DATASET EXCERPT:
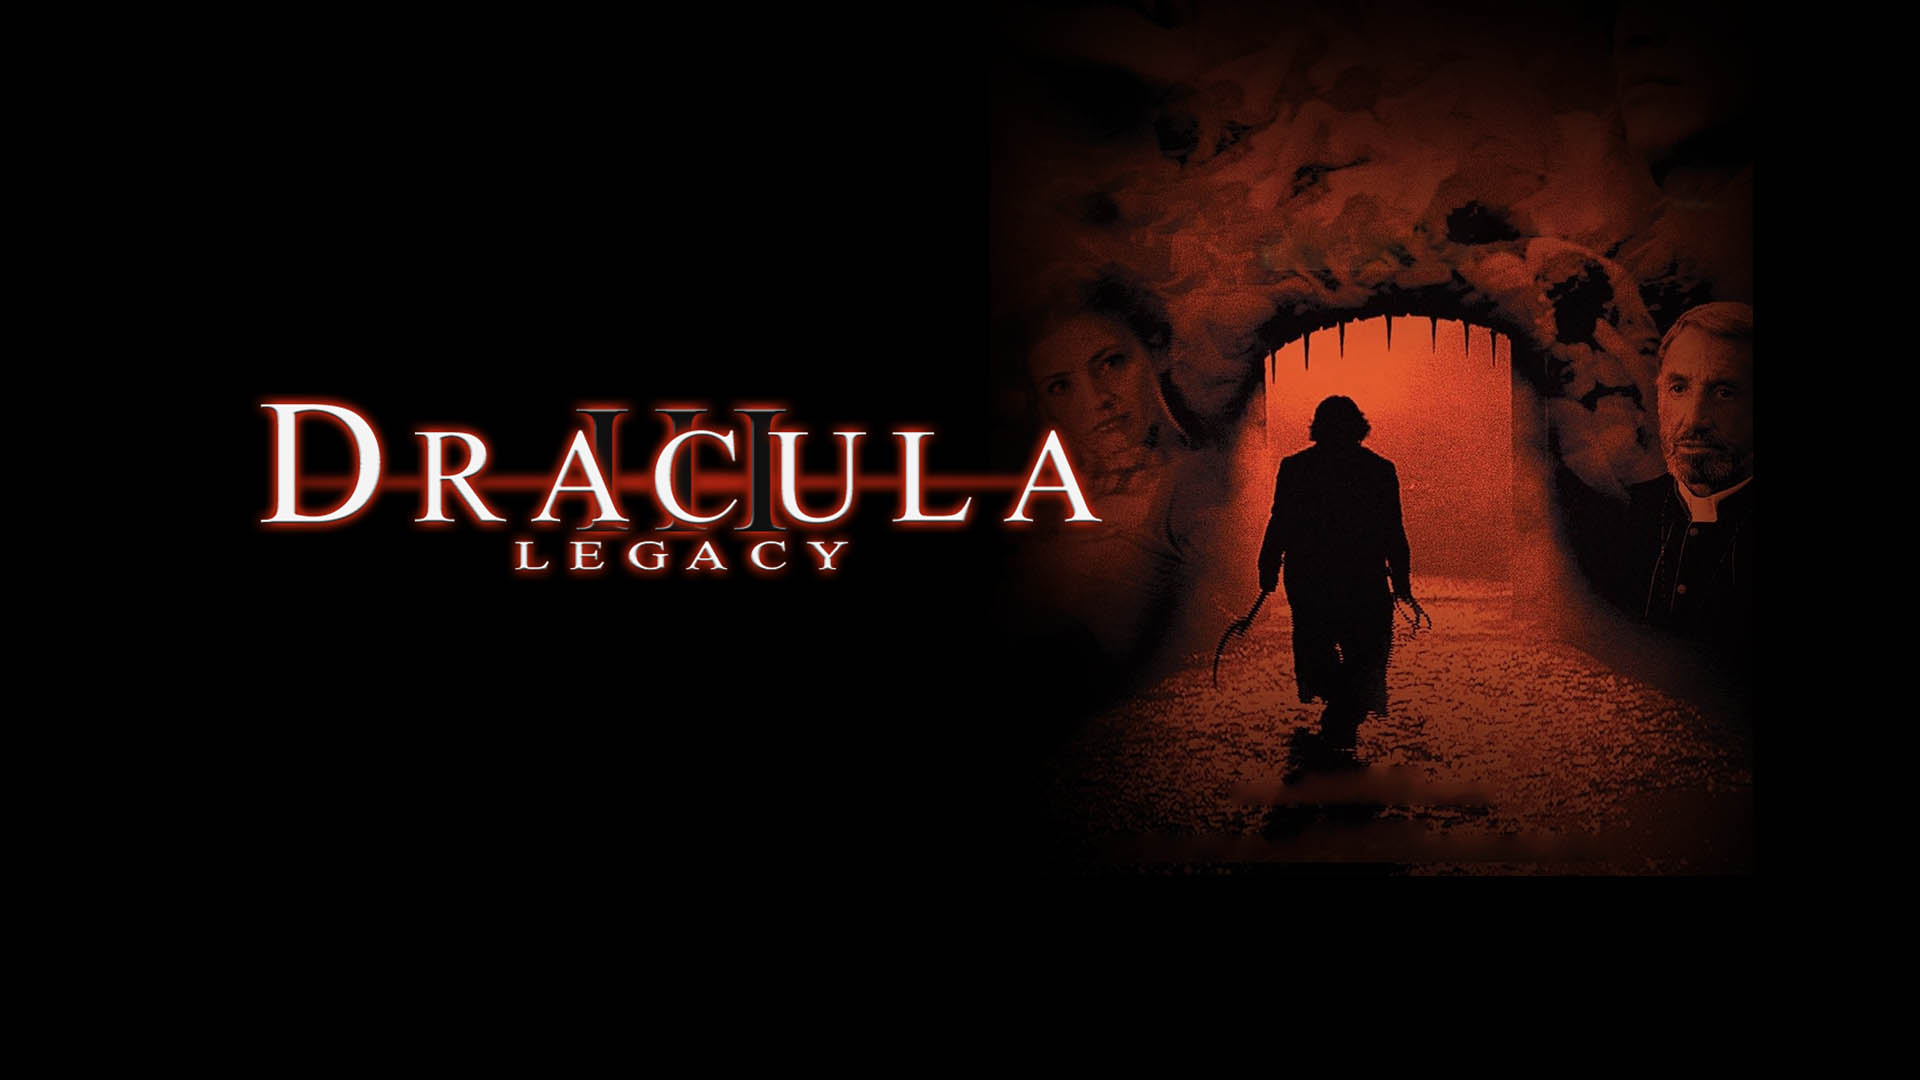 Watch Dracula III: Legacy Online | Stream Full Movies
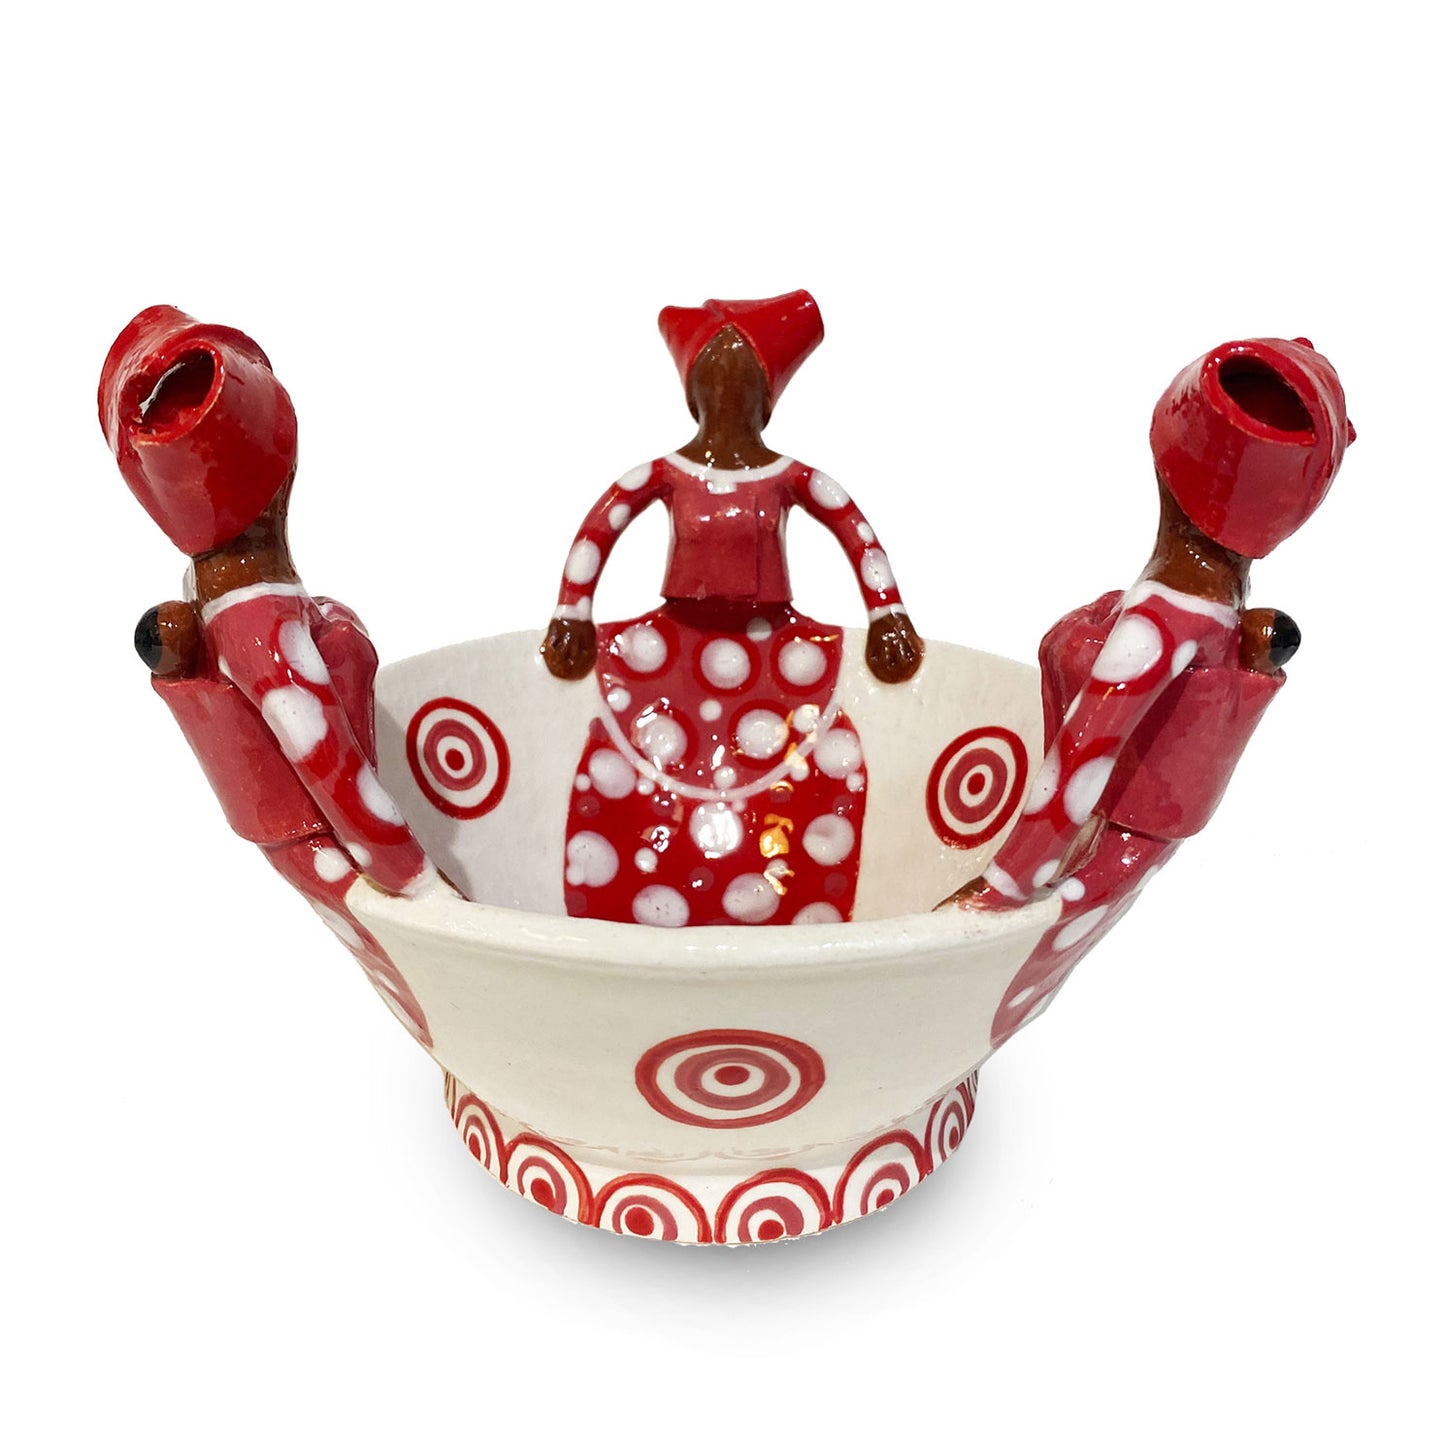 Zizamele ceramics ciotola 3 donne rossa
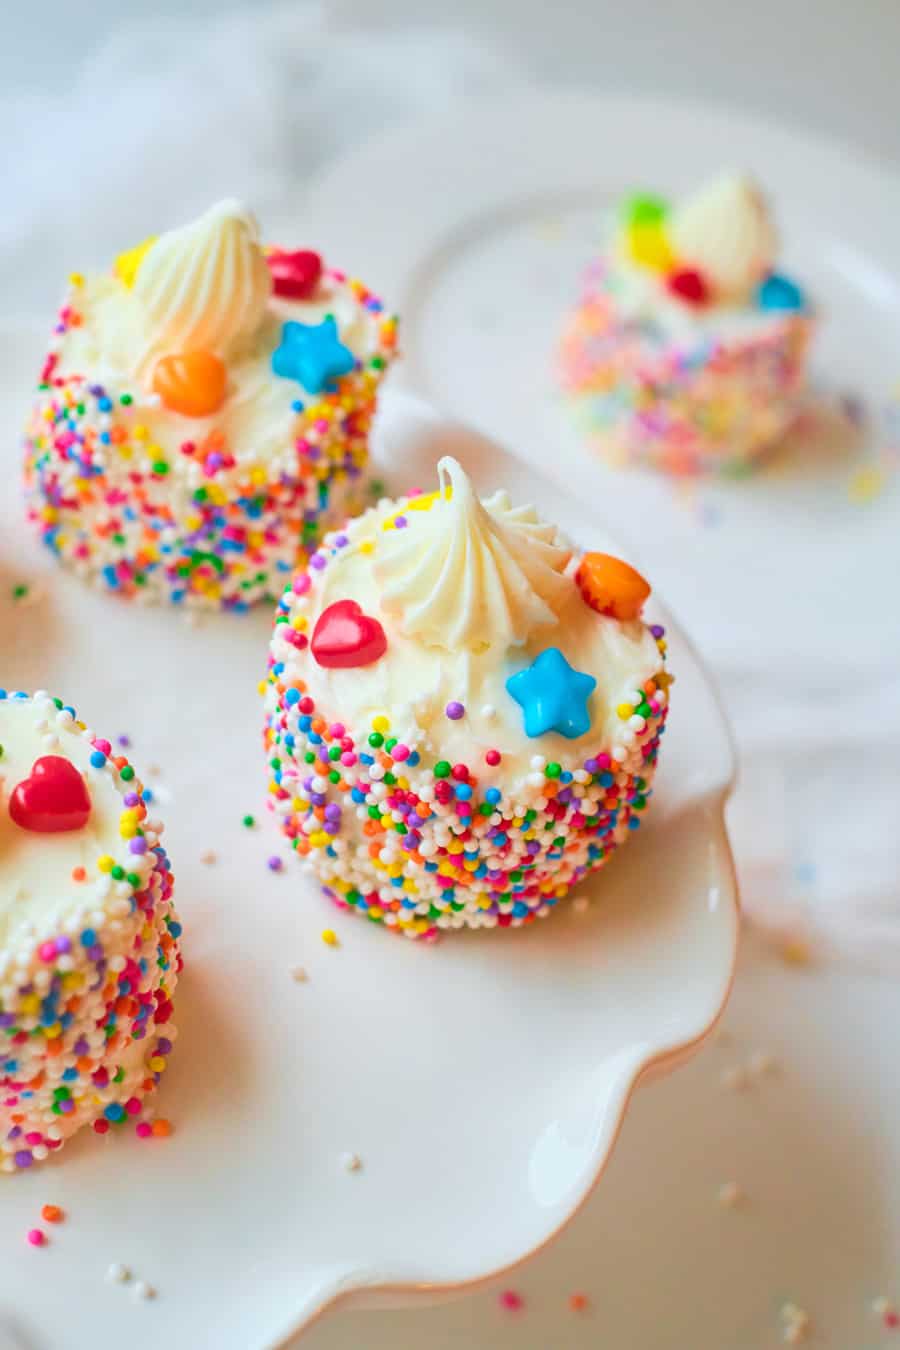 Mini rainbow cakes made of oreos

ASSIGNMENT:
Repeat the listing exactly; do not print any picture.

RESULT OF THIS EXERCISE:
 Watch Dracula III: Legacy Online | Stream Full Movies
 Zizamele ceramics ciotola 3 donne rossa
 Mini rainbow cakes made of oreos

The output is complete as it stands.